A model’s ability to predict unknown sample’s is directly dependent on the nature of the training set. In other words, predictive accuracy for different unknown samples varies according to how well the training set represents the given samples. Therefore, it is critical to be able to estimate the degree of confidence for each prediction, which could be difficult to derive from the external validation. In DF the information derived from the extensive L10O process permits assessment of the confidence level for each prediction. For the PCA model the confidence level for predicting unknown samples was assessed based on the distribution of accuracy over the prediction probability range for the left-out samples in the 2,000 L10O runs. We found that the sensitivity and specificity of the model were 99.2 and 98.2% in the HC region, respectively, with an overall concordance of 98.7%. In contrast, a much lower prediction confidence of 78.9% was obtained in the LC region, indicating that these predictions need to be further verified by additional methods. Generally, the number of samples within the HC region compared with the LC region depends on the signal:noise ratio in the data set. For noisy data, more unknown samples will be predicted in the LC region and could be as high as 40–50% (results not shown). For the PCA data set some 80% of the left-out samples predicted in the 2,000 L10O runs were in the HC region, indicating that the data set has a high signal:noise ratio.
A number of classification methods reported in the literature require selection of the relevant or informative predictor variables before modeling is actually performed. This is necessary because the method could be susceptible to noise without this procedure, and the computational cost is prohibitive for iterative variable selection during cross-validation. Although these are otherwise effective methods, they could produce what is called “selection bias” (Simon et al. 2003
).
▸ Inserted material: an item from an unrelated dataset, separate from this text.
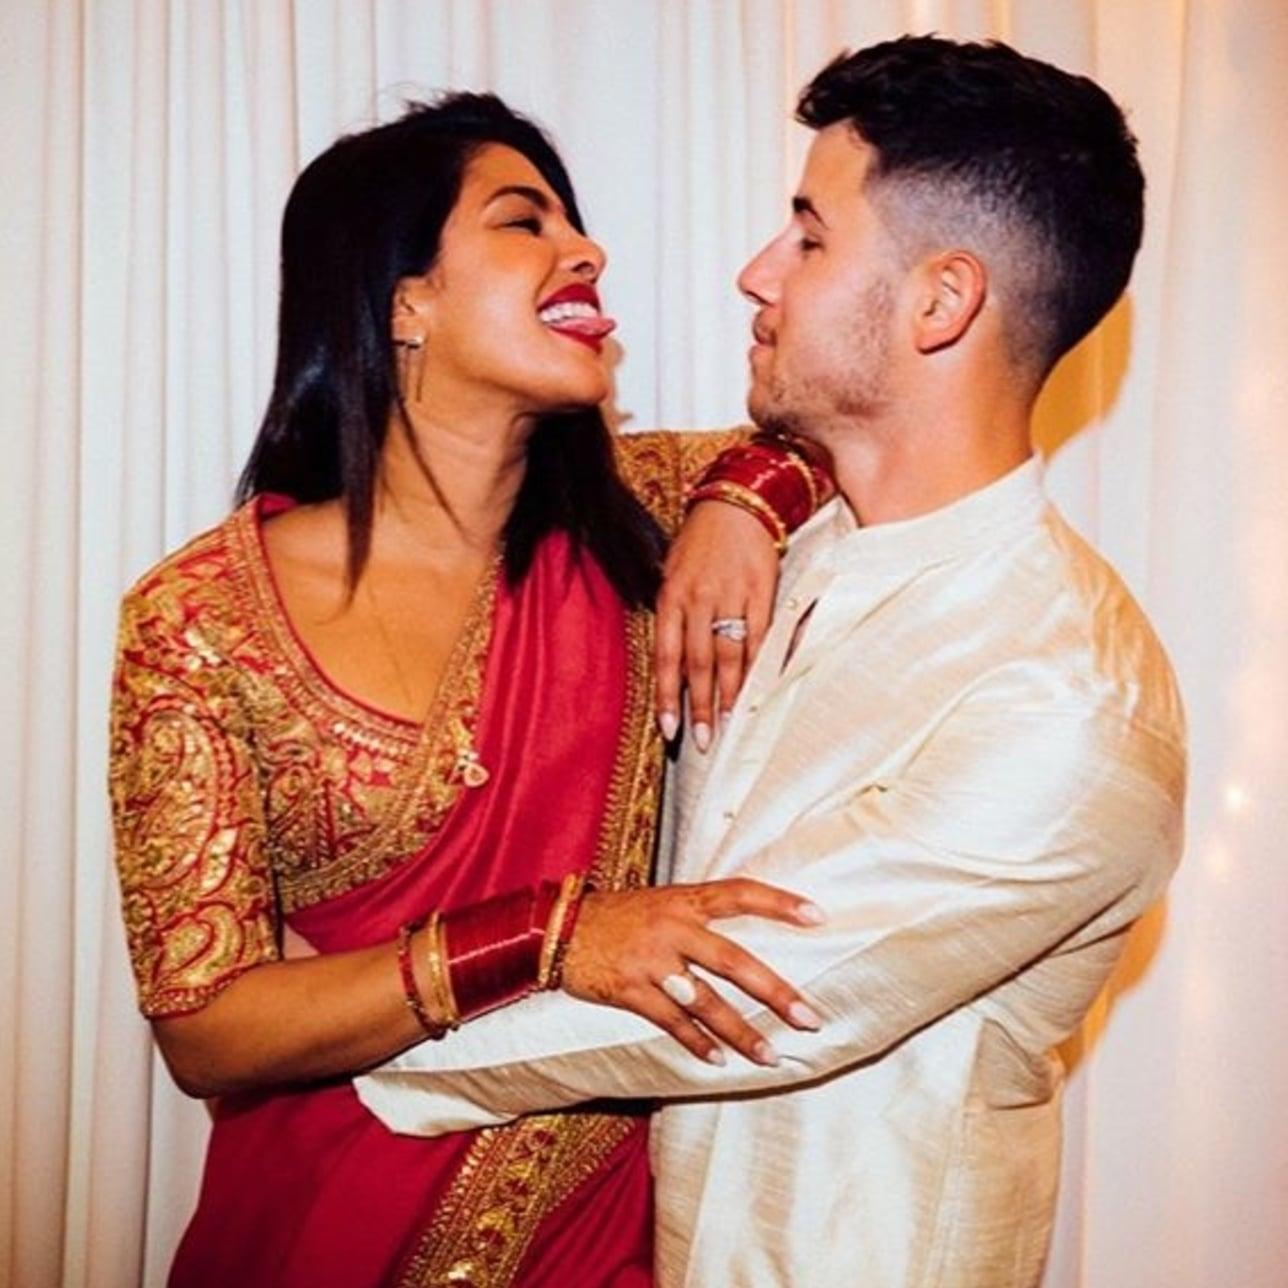 Image result for Priyanka Chopra and Nick Jonas

Selection bias occurs when the model’s predictive performance is assessed using cross-validation where only the preselected variables are included. Because of selection bias, cross-validation could significantly overstate prediction accuracy (Ambroise and McLachlan 2002
), and external validation becomes mandatory to assess a model’s predictivity. In contrast, model development and variable selection are integral in DF. DF avoids the selection bias during cross-validation because the model is developed at each repeat by selecting the variables from the entire set of predictor variables. The cross-validation thereby provides a realistic assessment of the predictivity of a fitted model. Given the trend of ever decreasing computation expense, carrying out exhaustive cross-validation is increasingly attractive, particularly when scarce sample data can be used for training as opposed to external testing. Of course, external validation is still strongly recommended when the amount of data suffices, in which case the cross-validation process will still enhance the rigor of the validation.